= WHAT THIS TASK INVOLVES =
The reply is to contain the full listing, repeated exactly, with pictures left out.

= DATA EXCERPT =

BEGIN

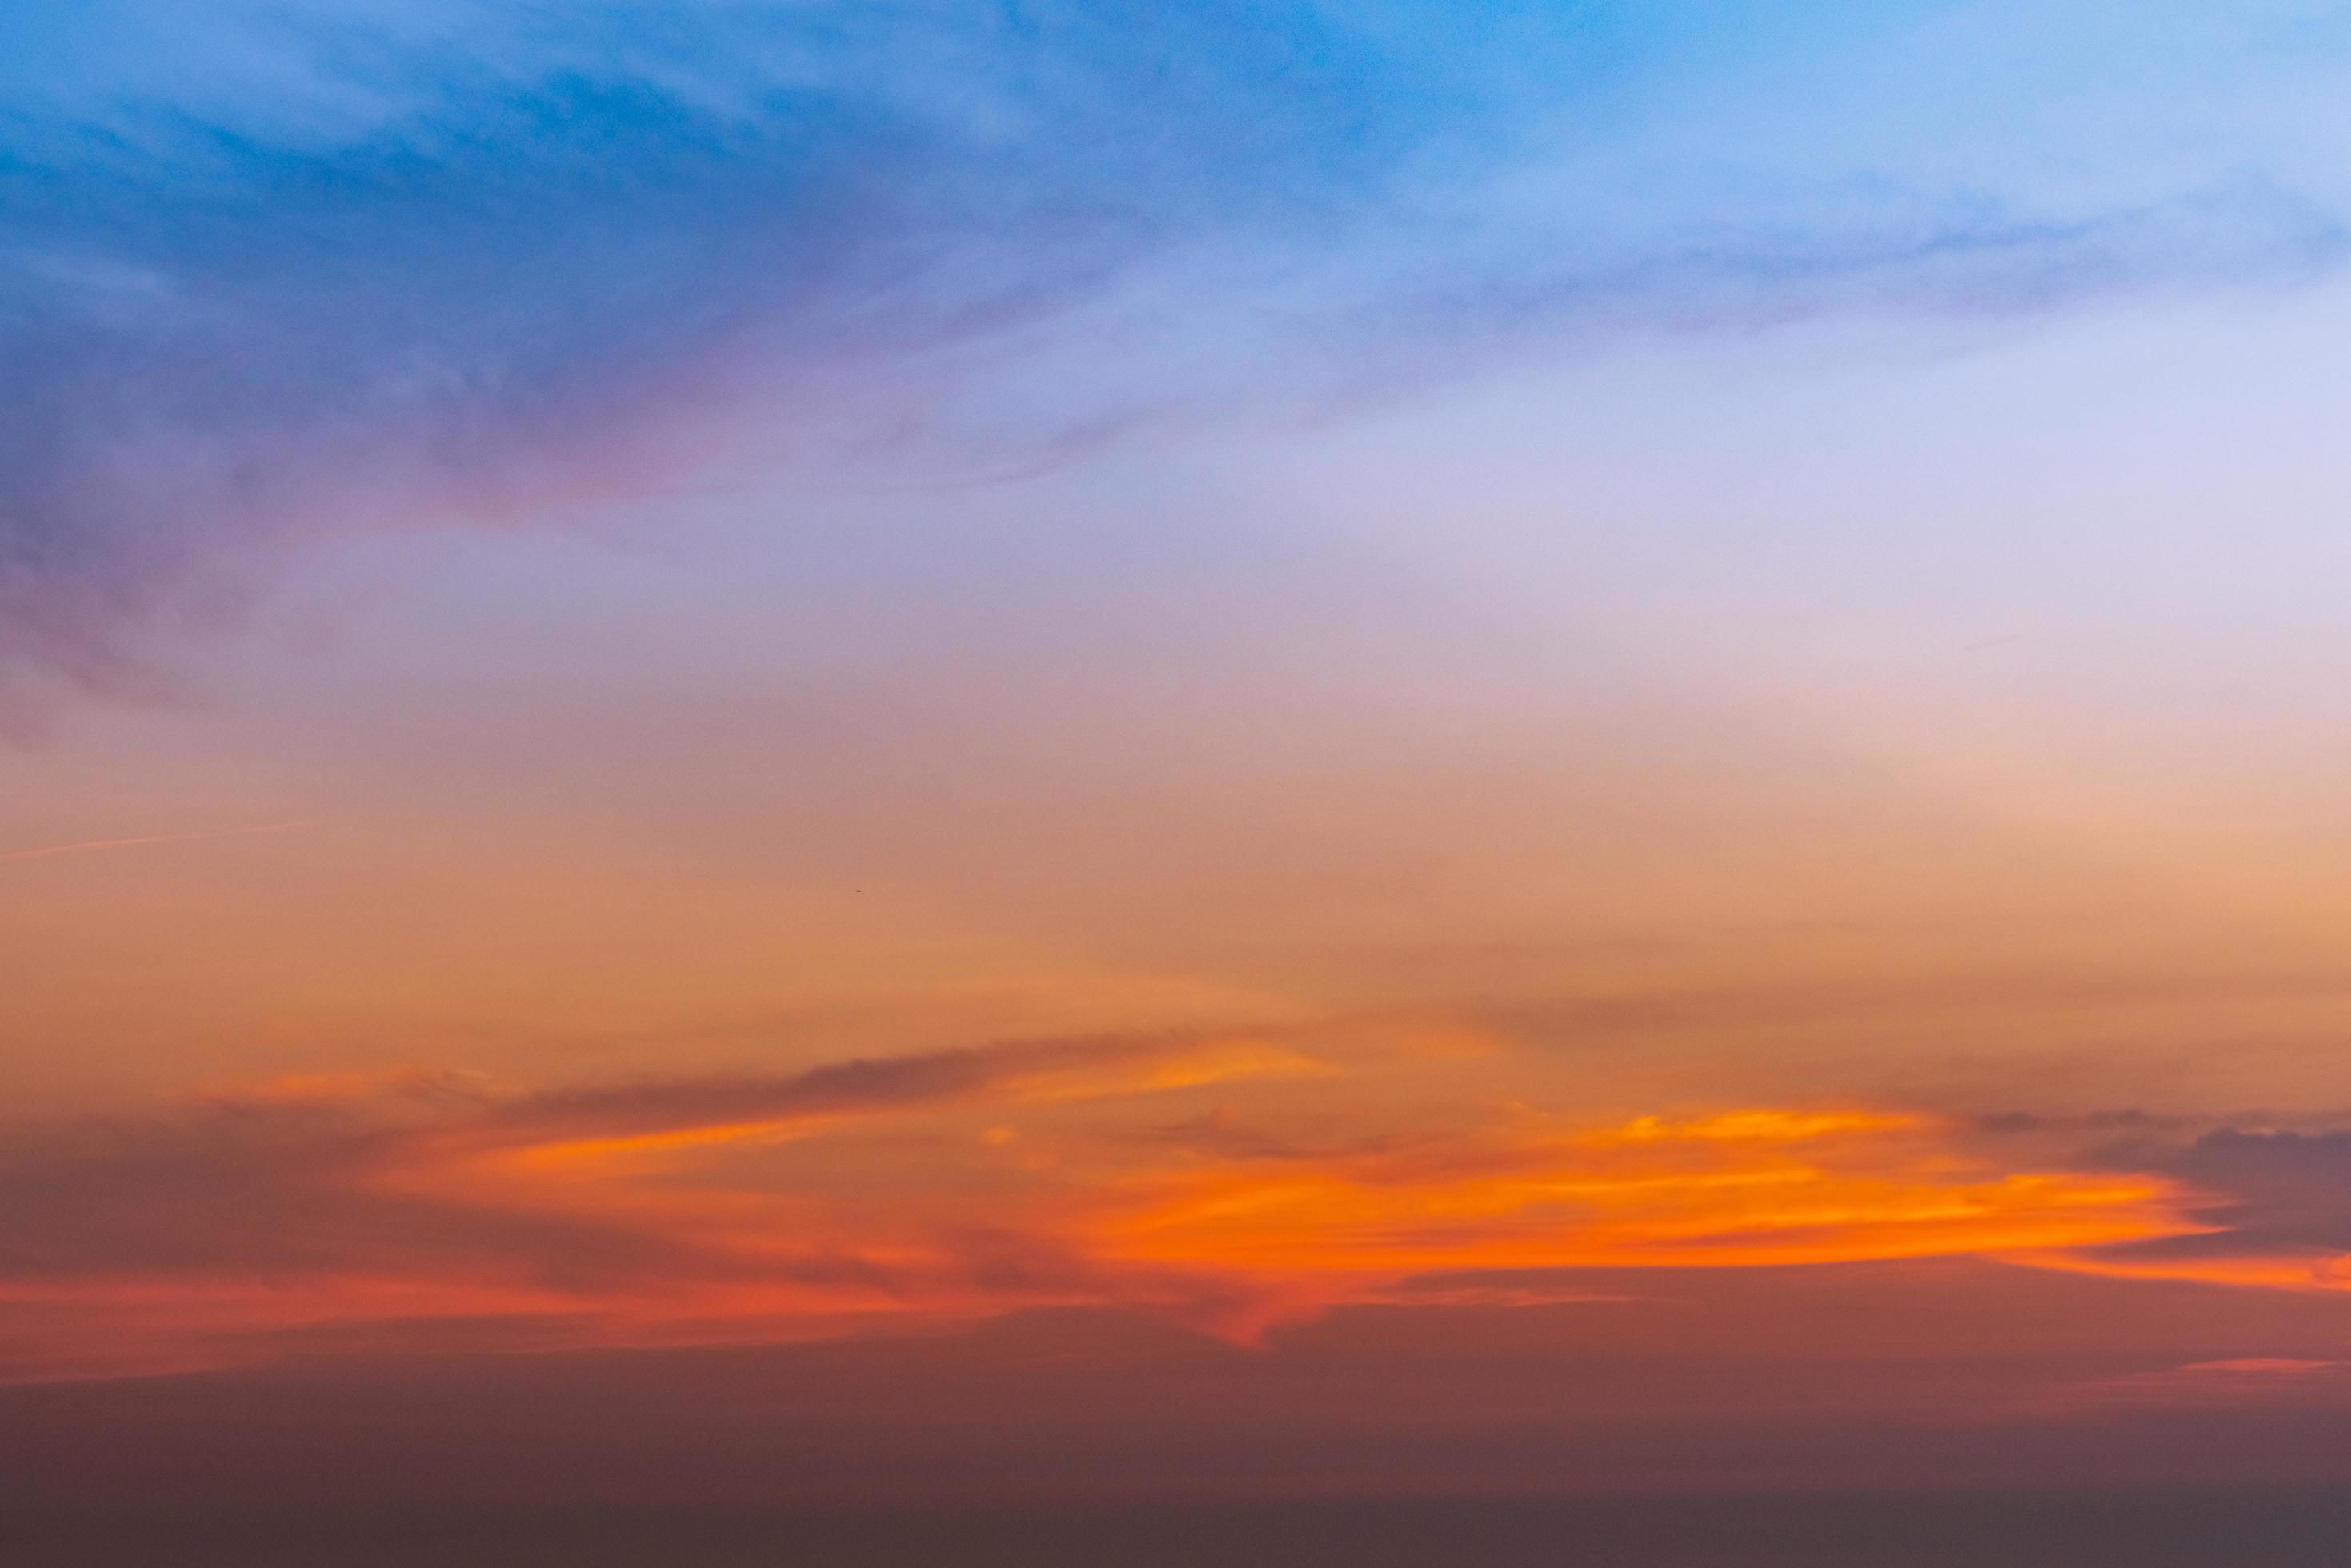 Màu xanh đặc trưng của bầu trời hoà quyện cùng sắc cam rực rỡ tạo nên một dải màu đẹp mê ly. Với những đám mây trôi qua như sóng biển, một tuyệt tác nghệ thuật của thiên nhiên được khai thác. Chiêm ngưỡng hình ảnh để trải nghiệm cảm giác đó nhé.
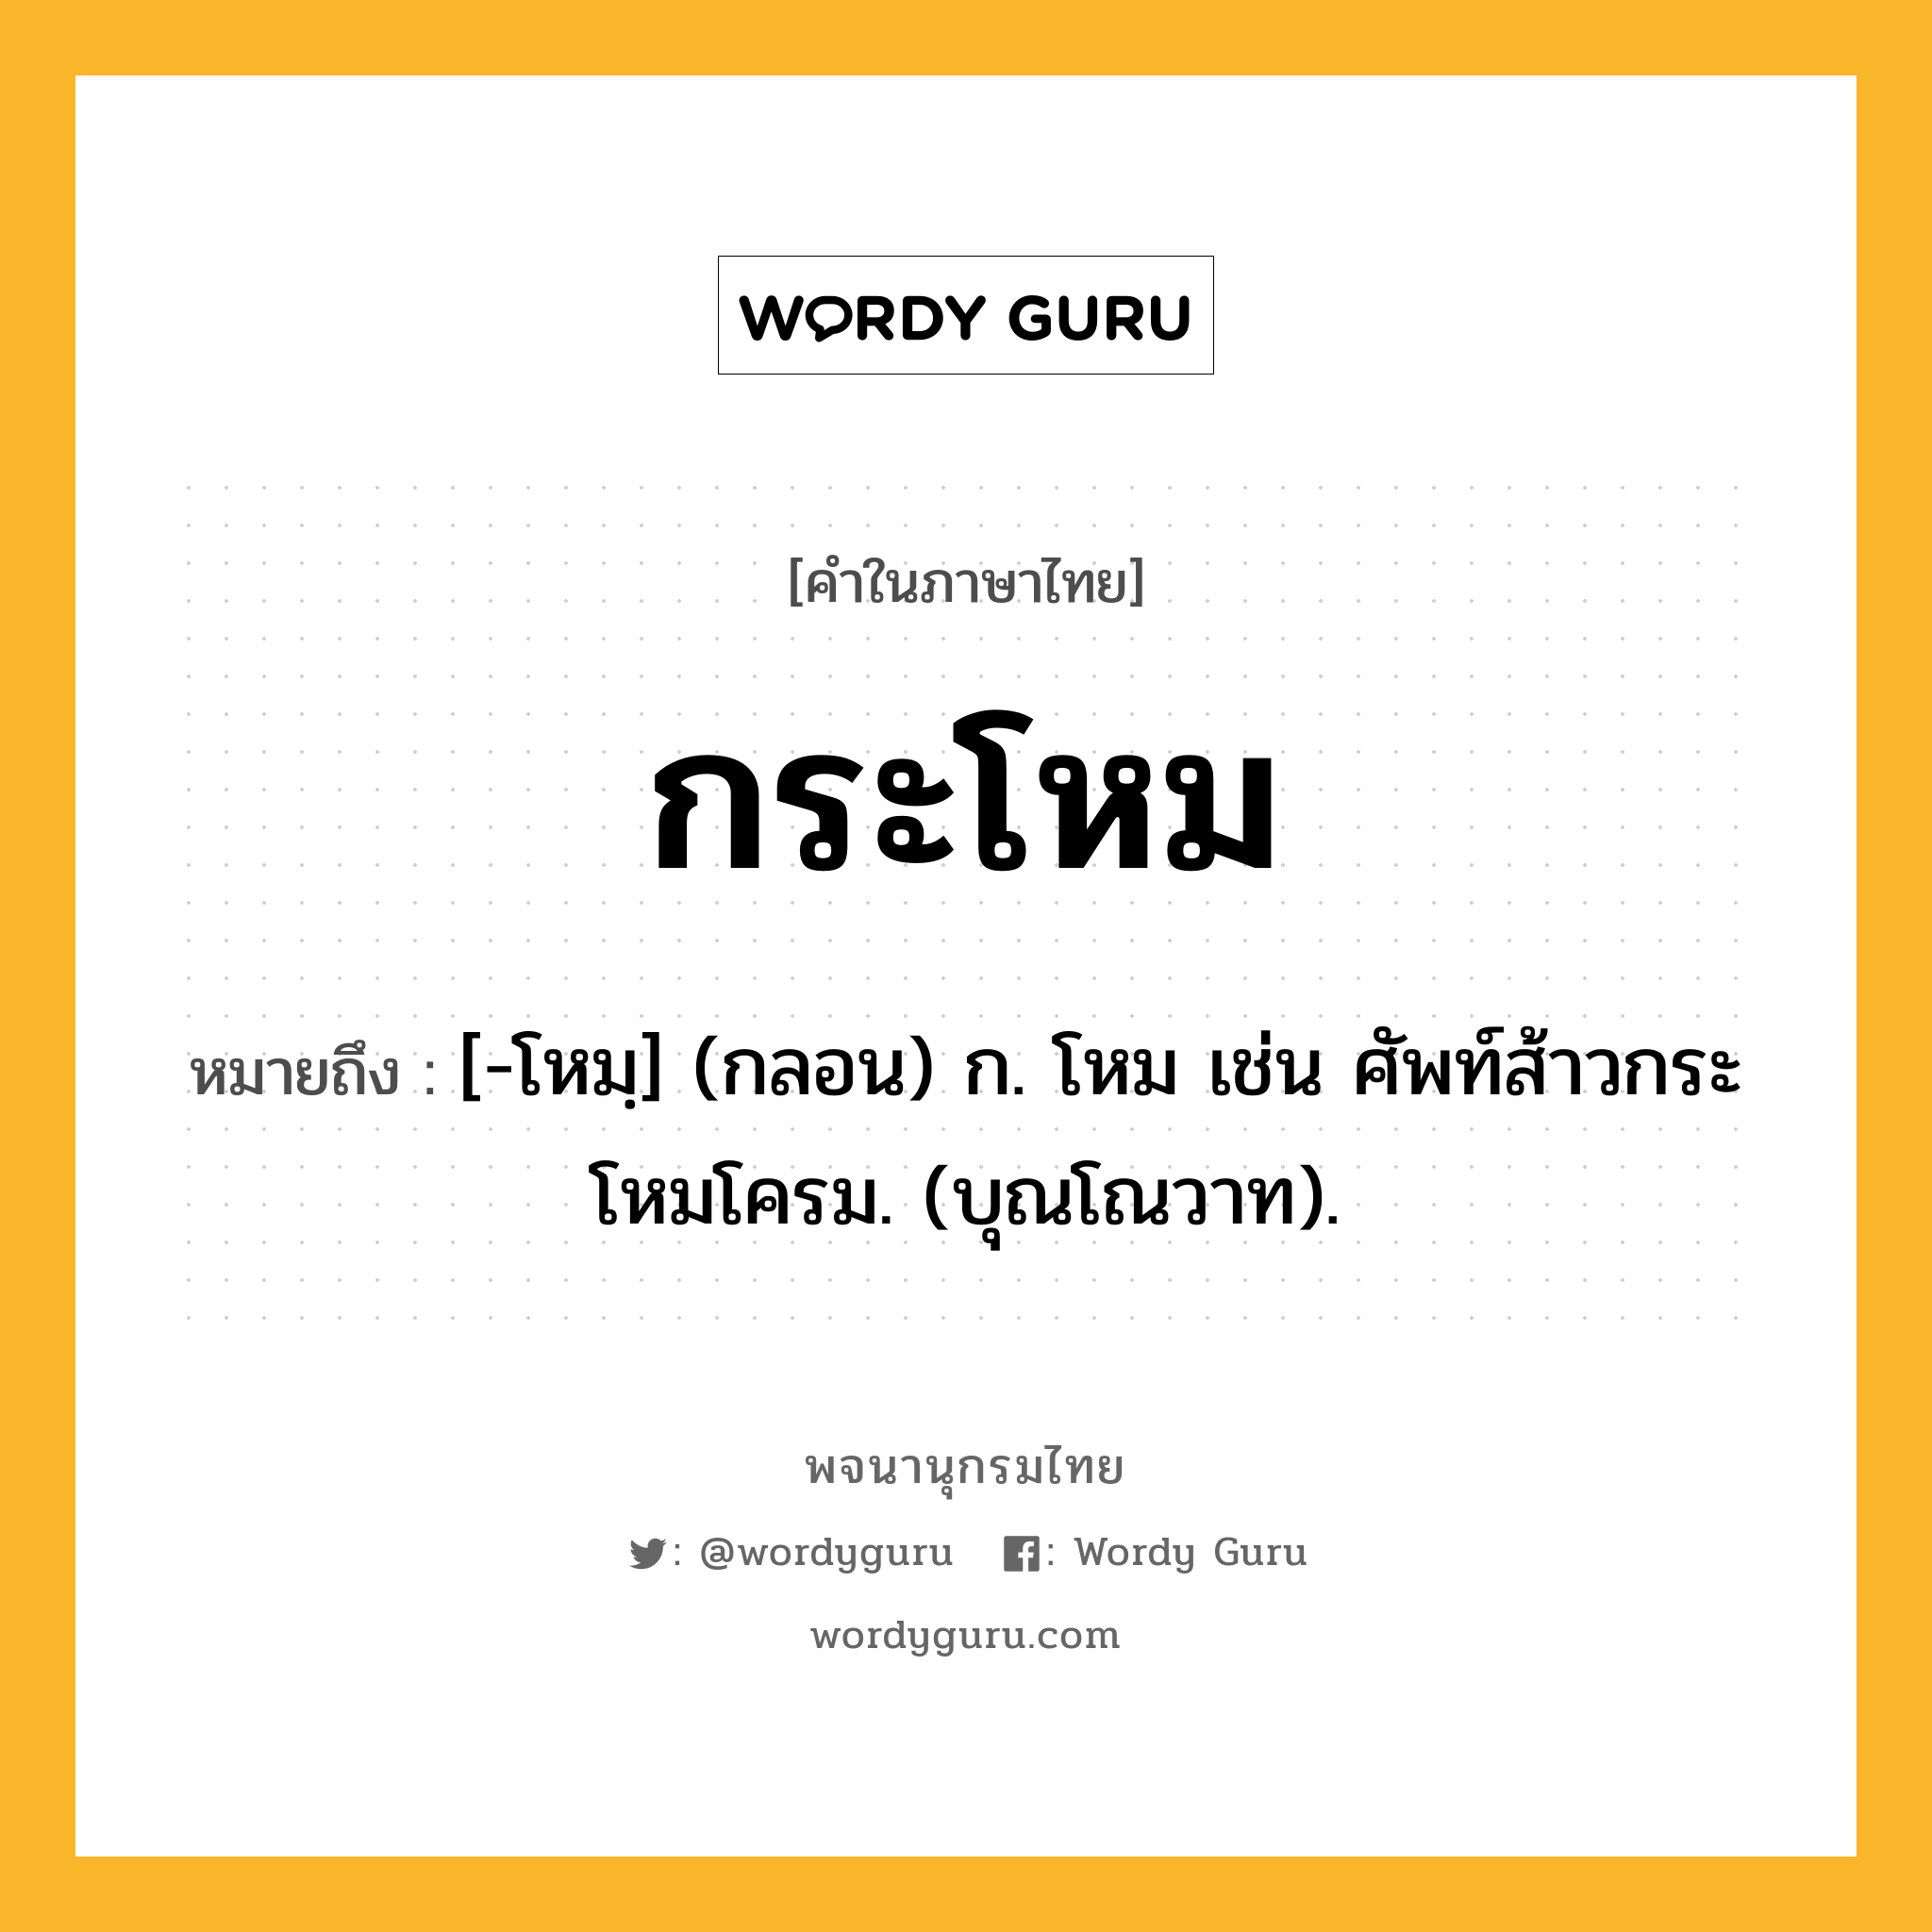 กระโหม หมายถึงอะไร?, คำในภาษาไทย กระโหม หมายถึง [-โหมฺ] (กลอน) ก. โหม เช่น ศัพท์ส้าวกระโหมโครม. (บุณโณวาท).
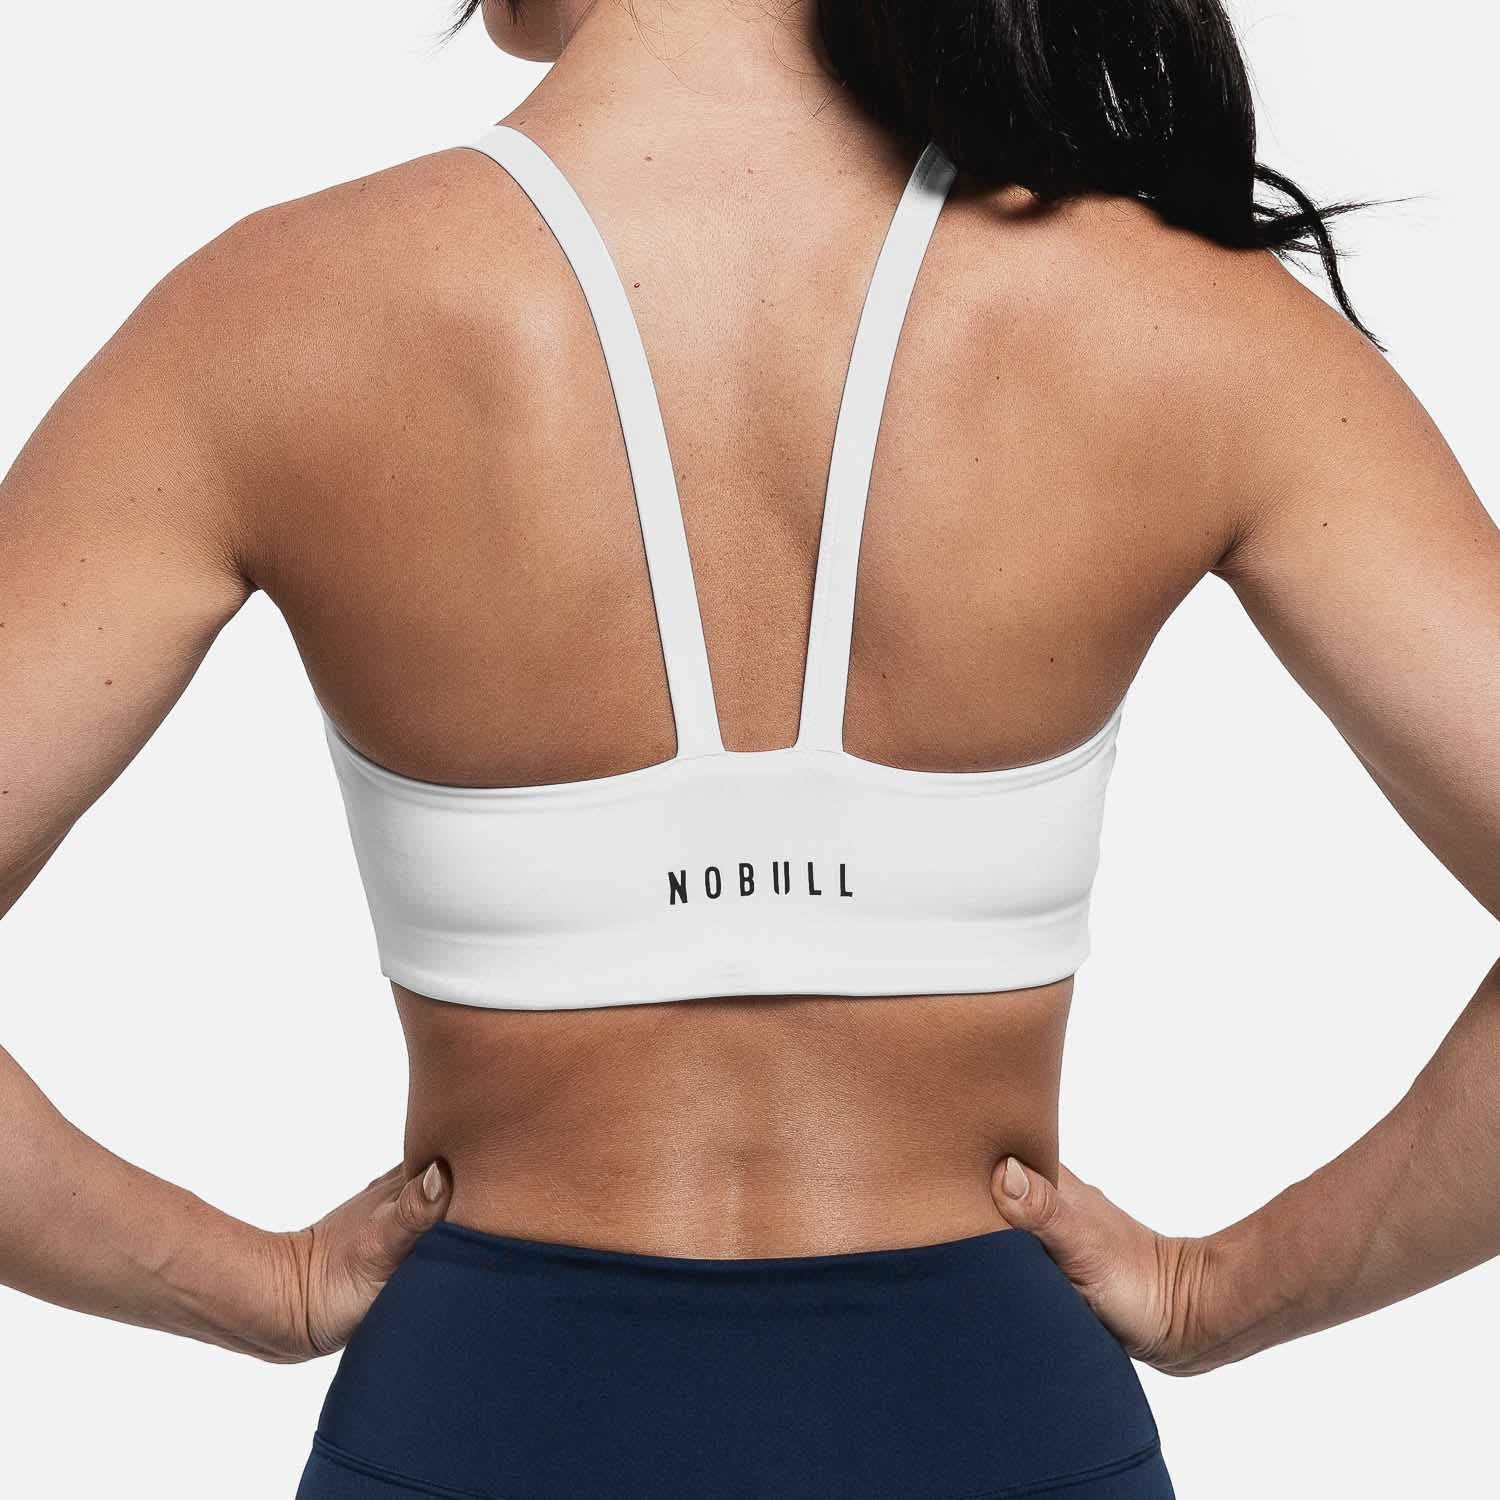 NOBULL Spandex Blend Sports Bras for Women

END

= THE COMPLETED TASK =
 Màu xanh đặc trưng của bầu trời hoà quyện cùng sắc cam rực rỡ tạo nên một dải màu đẹp mê ly. Với những đám mây trôi qua như sóng biển, một tuyệt tác nghệ thuật của thiên nhiên được khai thác. Chiêm ngưỡng hình ảnh để trải nghiệm cảm giác đó nhé.
 กระโหม หมายถึงอะไร?, คำในภาษาไทย กระโหม หมายถึง [-โหมฺ] (กลอน) ก. โหม เช่น ศัพท์ส้าวกระโหมโครม. (บุณโณวาท).
 NOBULL Spandex Blend Sports Bras for Women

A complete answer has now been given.